Shared goal or purpose

  1. Sequoia submitted that there were numerous acts by Brent Jones in co-operation with the Requisitioning Shareholders “in pursuit of their shared objective to change Sequoia’s board and take control of its affairs.”
  2. As noted at paragraph 13 above, Sequoia supplied (with its application) an email dated 14 June 2023 from Brent Jones to the non-executive directors of Sequoia, copied to Anthony Jones, stating that changes needed to be made in respect of leadership of Sequoia and that he no longer supported Garry Crole acting as CEO. On 15 June 2023, Anthony Jones sent a ‘reply all’ email stating (among other things) “I would like to say that I agree entirely with the fundamentals expressed in the email”.
  3. If written in Brent Jones’ capacity as an executive in the employ of Sequoia, it is curious that he would copy Anthony Jones in, but reflects a significant level of shared goal in our view. If written in his capacity as a shareholder, which is not made clear in the email or in Brent Jones’ preliminary submissions, the email (and the reply) similarly reflects a significant level of Anthony Jones and Brent Jones having a shared goal. In either case, it is not written in respect of Mr Crole’s board seat but his position as CEO.
  4. We asked about this exchange and A. Jones Group submitted:
    1. In respect of the role of Mr Garry Crole as CEO, both Mr Anthony Jones and Mr Brent Jones have from time to time been dissatisfied with his performance as CEO, although for different reasons.
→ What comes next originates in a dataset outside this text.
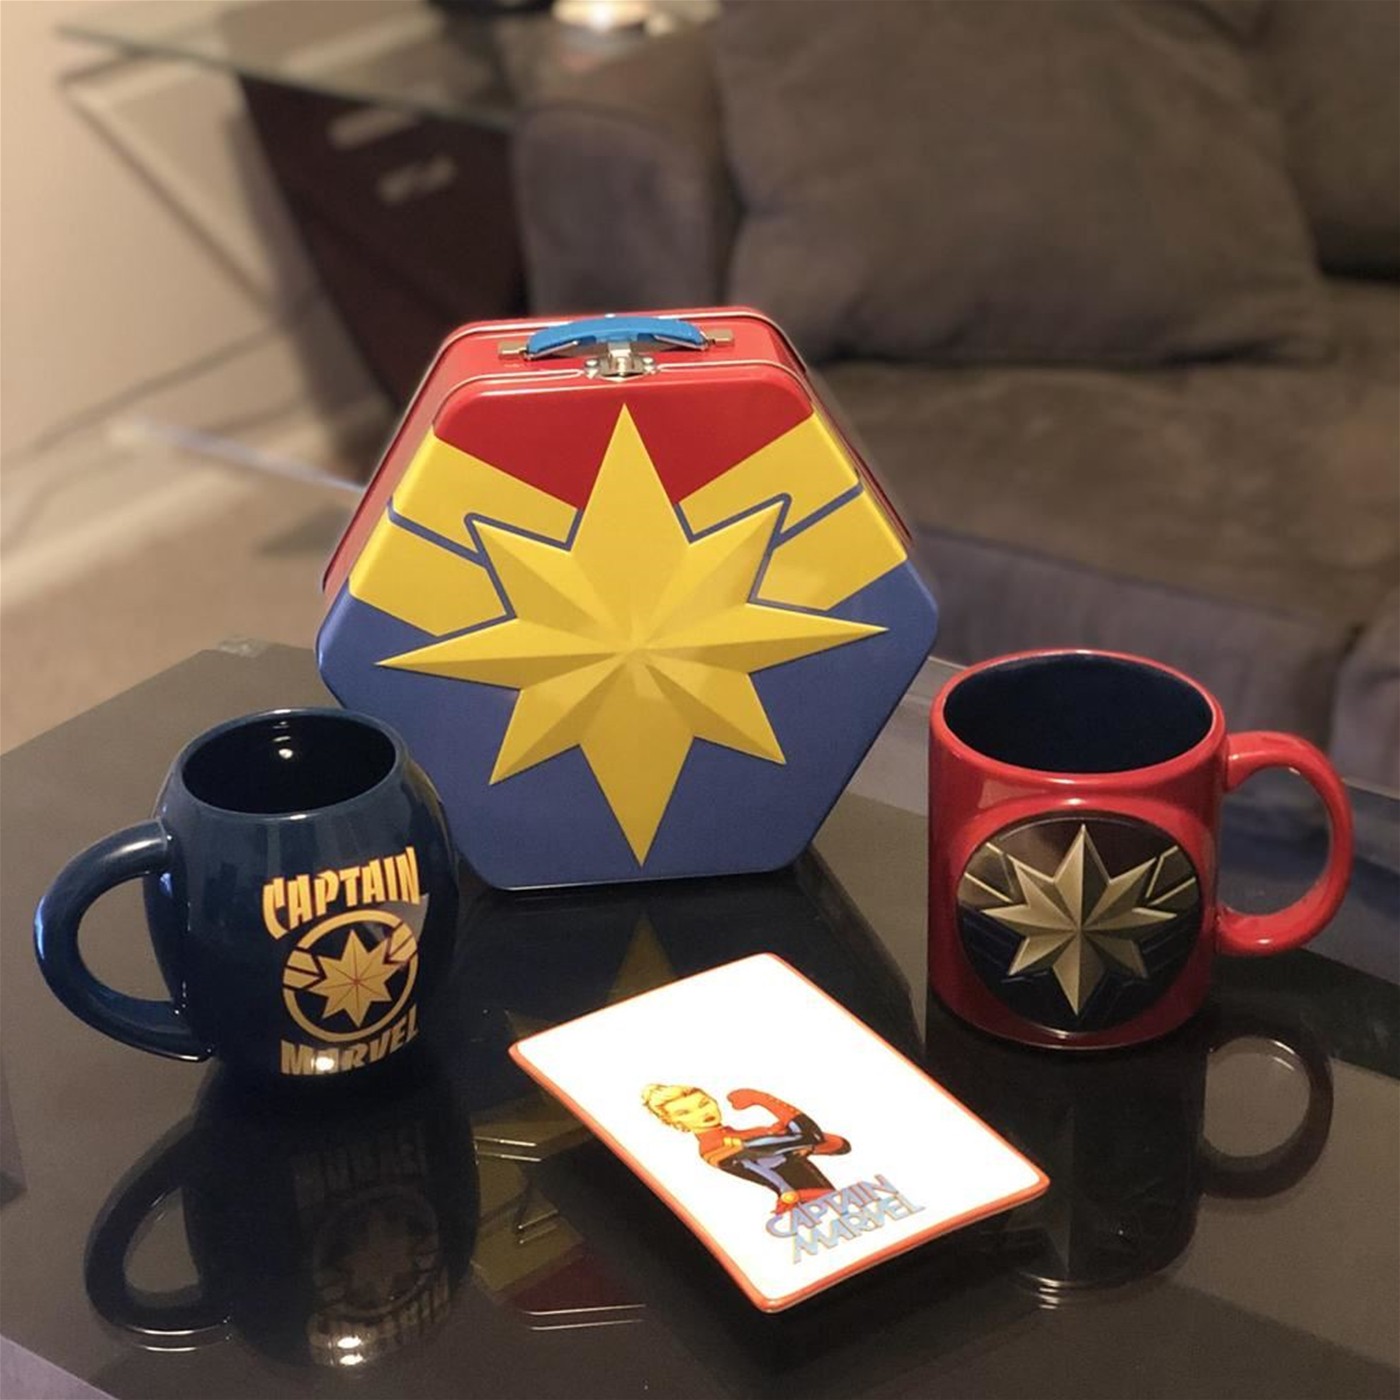 Marvel Captain Marvel Badge 20 oz. Bas Relief Ceramic Mug

At times, their views have been aligned, as suggested by the email chain in June 2023… However, at other times, and certainly more recently as Mr Anthony Jones was considering being party to the Section 249D Request, they have had different views as to the appropriate course of action for resolving their dissatisfaction.
    2. For example, we are instructed that in March and April of 2024, while Mr Anthony Jones was of the view that Mr Garry Crole should be removed from the business entirely, and should not continue leading the financial planning division of Sequoia, Mr Brent Jones was of the view that a negotiated outcome with Mr Garry Crole should be sought that would see him maintaining a role within the business if appropriate. Mr Anthony Jones did not agree with this and instead proceeded with the Section 249D Request in conjunction with Mr Michael Glennon and Glennon Capital…
  5. We accept that their views on the best way to resolve the issue may have differed from time to time. But even if Anthony Jones and Brent Jones did not initially share the goal of removing Mr Crole as a director (ie. they only initially shared the goal of removing him as CEO), we find that this changed.
  6. On 28 March 2024, Brent Jones sent a text message requesting that Anthony Jones call Michael Glennon, stating “Garry is trying to kick out John Larsen [at the time a director of Sequoia] and get himself recontracted for 2 years as executive chairman”. We infer that Brent Jones’ concern that Garry Crole was attempting to entrench himself was a factor in Brent Jones coming to share Anthony Jones’ goal of removing him as a director.
  7. A. Jones Group submitted that Anthony Jones had been dissatisfied with the Sequoia board for an extended time and that his dissatisfaction stemmed from matters personal to him (including, it seems, his belief of Mr Crole’s role as his superannuation adviser).
  8. We were provided with copies of text messages exchanged between Anthony Jones and Brent Jones between 28 March 2024 (see paragraph 101 above) and 21 May 2024, in the lead up to the Section 249D Meeting. In particular, on 3 April 2024, Anthony Jones relayed to Brent Jones a message that he had received from Kevin Pattison the previous day. Mr Pattison had requested to meet with Anthony Jones to discuss Sequoia’s “leadership issues”. Anthony Jones declined the invitation but passed the information to Brent Jones. He also passed it to Michael Glennon.
  9. On 9 April 2024, text messages were exchanged regarding Anthony Jones’ holding in Sequoia. In the correspondence Brent Jones stated: “…Did you get the shareholder list off Michael? If you can count up your holdings and get to 13m we’re good.” Between 9 April and 3 May 2024, there was a text message exchange between Anthony Jones and Brent Jones in which Anthony Jones referred to having read “Garry’s blurb” and asked Brent Jones whether a response was needed. Brent Jones’ response to this message included that “[t]he letter to Shareholders which comes from you and Micheal should talk to actual performance and the plan forward”, to which Anthony Jones responded “[g]reat. OK BJ. Makes sense. Thanks”.
  10. Also on 3 May 2024, Brent Jones queried the manner in which Anthony Jones wanted each of his controlled entities to vote on the resolutions the subject of the Section 249D Notice.
  11. On 9 May 2024, Anthony Jones messaged Brent Jones in relation to acquiring further Sequoia shares stating “…I can do $1.1 million” and “I’ll let Michael know I’m in for $1.1m.
  12. On 21 May 2024, Brent Jones and Anthony Jones discussed the potential of removing Charles Sweeney from the board of Sequoia. The text message exchange included:

    Anthony Jones: “Hey mate, Larsens resigned 16 May

    Brent Jones: “Yes I know

    Anthony Jones: “Shame. Looks like you, Peter and Charles. Can we get rid of him?”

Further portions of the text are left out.